Como prevíamos, sempre existirão opositores ao projeto por desinformação, mas também haverá opositores honestos e bem intencionados ao modelo brasileiro. Muitos deles, em função de interesses de suas empresas (que podem ser legítimos) num mercado que deverá gerar negócios anuais de bilhões de dólares.

Paulo Saab, presidente da Associação Nacional de Fabricantes de Produtos Eletroeletrônicos (Eletros), protesta porque sua entidade não foi ouvida até aqui. Segundo ele, a notícia de que o governo teria optado pela escolha do padrão brasileiro de TV digital foi recebida com estranheza pelos fabricantes de televisores. "Embora a indústria eletroeletrônica seja parte fundamental no processo de implantação da TV digital no Brasil, reclama, não fomos sequer consultados pelo governo a respeito da escolha desse padrão".

A discussão do sistema brasileiro de TV digital vai ganhar destaque nesta semana, em diversos locais, envolvendo o Congresso, ministérios e entidades representativas da indústria e da radiodifusão. É apenas o começo de um grande debate que deverá ainda se aprofundar ao longo dos próximos meses.

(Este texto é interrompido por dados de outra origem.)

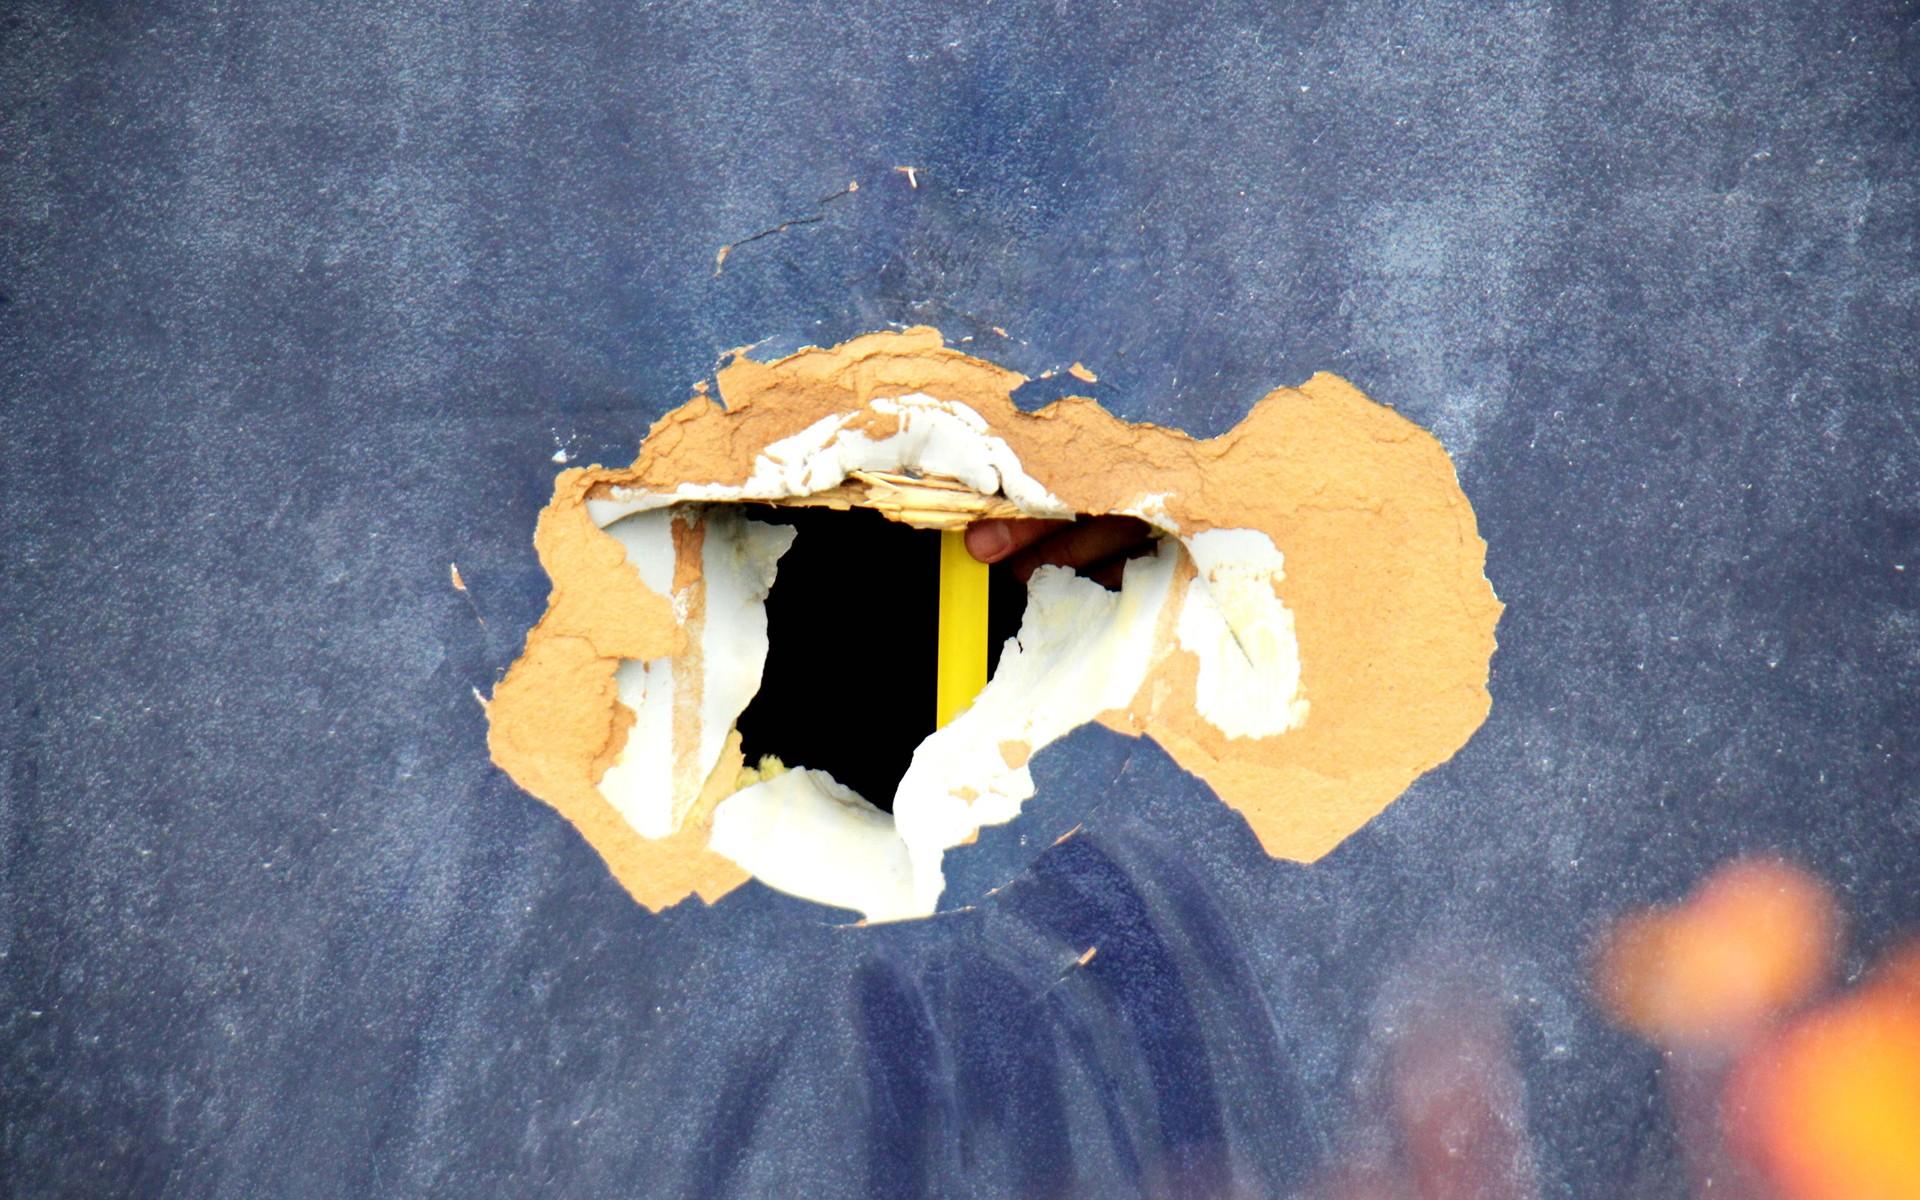 Från insidan mätte polisens tekniker hålet som uppkommit efter explosionen i Eklanda

Não é fácil manter o equilíbrio diante de tantos interesses opostos. O que desejamos - e sabemos ser quase utópico - é que a discussão seja objetiva, serena e pragmática, levando em conta, acima de tudo, os interesses da sociedade brasileira e do consumidor. Mas contemplando, também, as novas oportunidades que se abrem para a radiodifusão e para a indústria brasileira.